Kansas Public School Takes Down Portrait Of Jesus After Complaint

The display was called "an egregious violation of the First Amendment."

A Kansas school has taken down a portrait of Jesus Christ after being threatened with legal action, and some parents and former students aren't happy about the decision. 

Royster Middle School, a public school in the city of Chanute, had been displaying a print of Warner Sallman’s “Head of Christ" since the 1950s, according to Reuters.
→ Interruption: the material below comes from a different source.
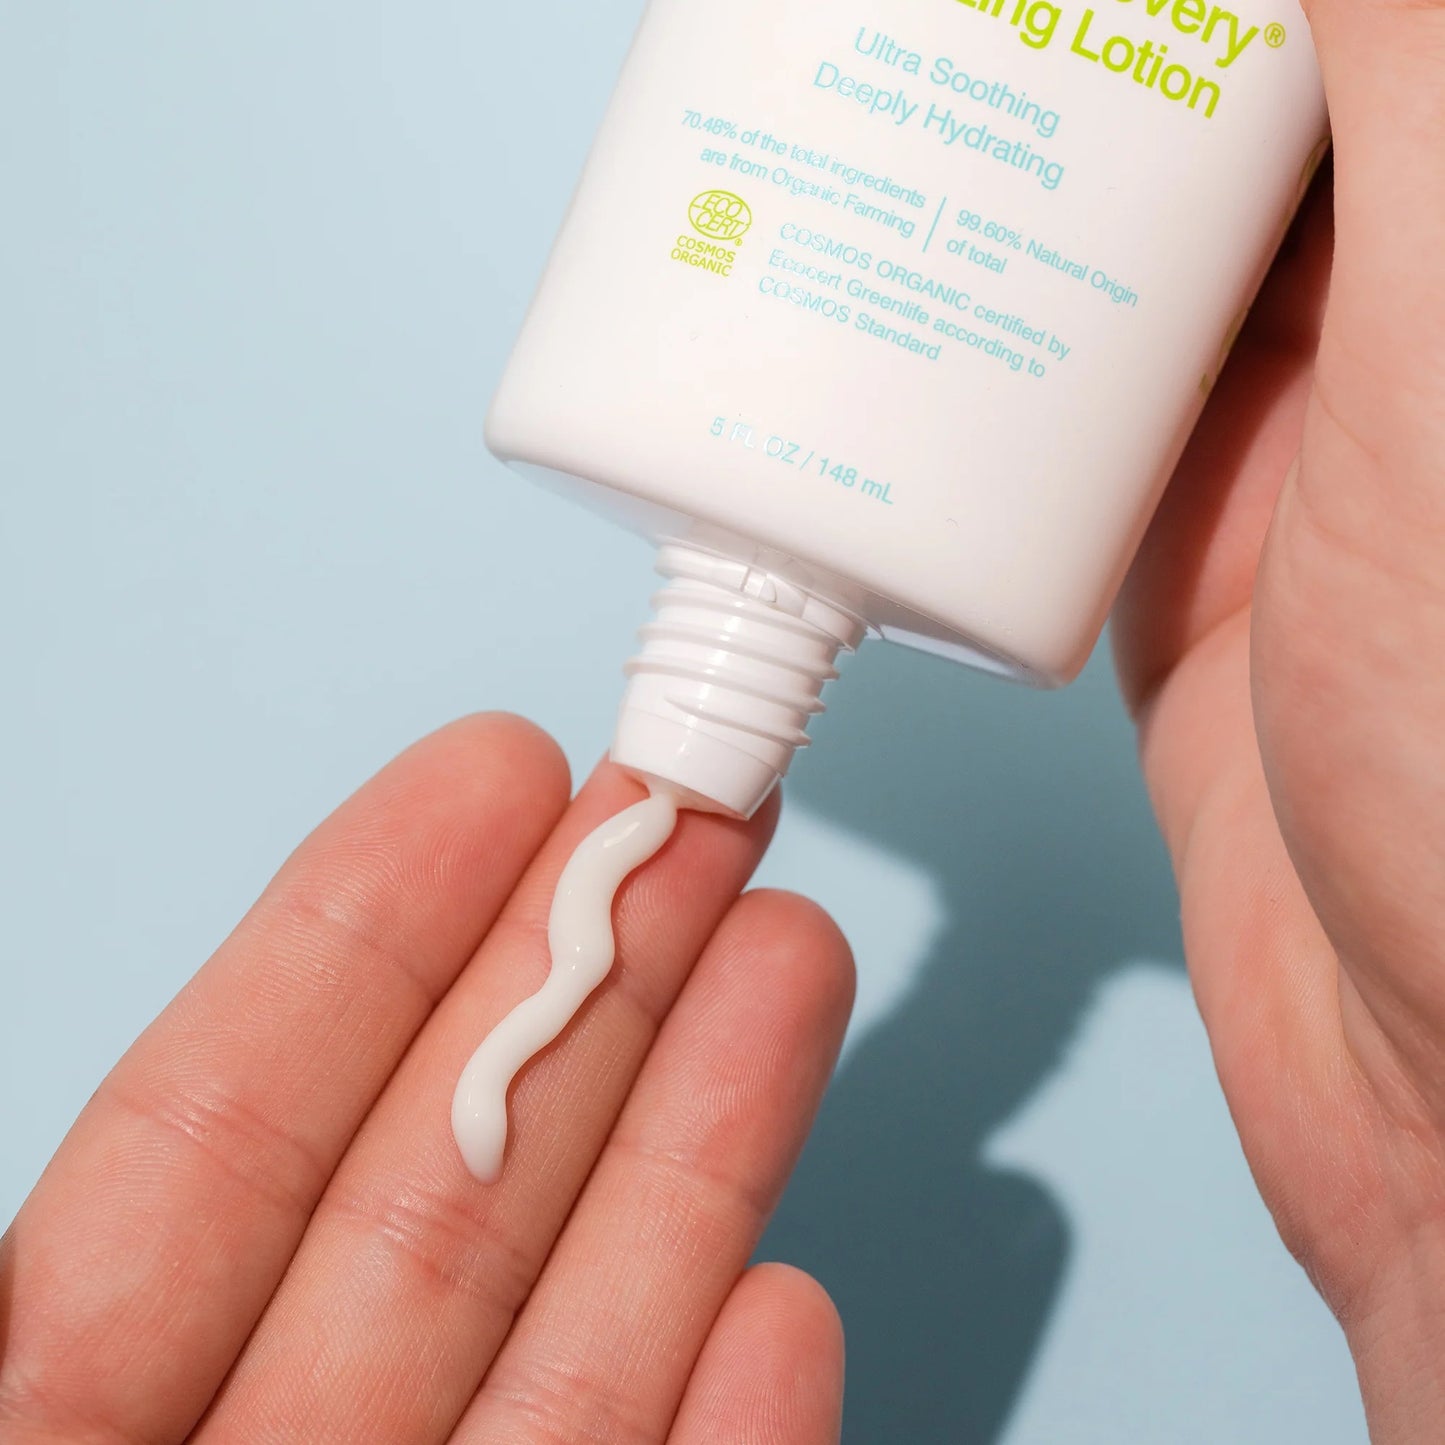 COOLA Radical Recovery Eco-Cert Organic After Sun Lotion

The portrait was removed earlier this week after the Freedom From Religion Foundation sent the district a letter warning that the display was "an egregious violation of the First Amendment," according to an FFRF news release.

The school district's attorneys agreed.

"I conferred with legal counsel and both of them told me to be in compliance with state and federal law that we had to have it removed," Chanute Public Schools Superintendent Richard Proffitt told Reuters. 

As a result, the picture of Jesus came down.

But that decision is not sitting well with some, including a number of residents who've posted complaints on the school's Facebook page, blaming "outsiders" for the portrait's removal.

Ryan Jayne, an FFRF law clerk, told Reuters that it was a local community member who brought the portrait to the organization's attention. 

"They were afraid to bring it up themselves so they came to us," Jayne told the news agency. "In areas that are predominantly Christian, the backlash that non-Christians receive when they speak out against government endorsement of religion can be very severe." 

The Wichita Eagle reports that Chanute is a very religious community with some 30 churches serving a population of 9,200. One former student at Royster told the paper that "only one or two evolution kids" went to the school when he was there, but they didn't seem to be bothered by the picture. 

“With all the bullying that goes on in schools and how all the kids divide up into cliques, I think Jesus being there didn’t hurt a thing," the former student, 22-year-old fur trapper Cody Busby, told the Eagle. 

Another former student told the paper that non-Christian kids were allowed to skip the annual Christmas movie. 

“If you have the right to not participate, we have the right to keep our picture up,” Samantha Barnhart was quoted as saying. “Just don’t look at it.” 

The FFRF says the courts have been clear: Religious symbols don't belong in public schools.  

"The Supreme Court has stressed the importance of protecting public school students from these types of messages," FFRF staff attorney Andrew Seidel wrote in a letter to the district.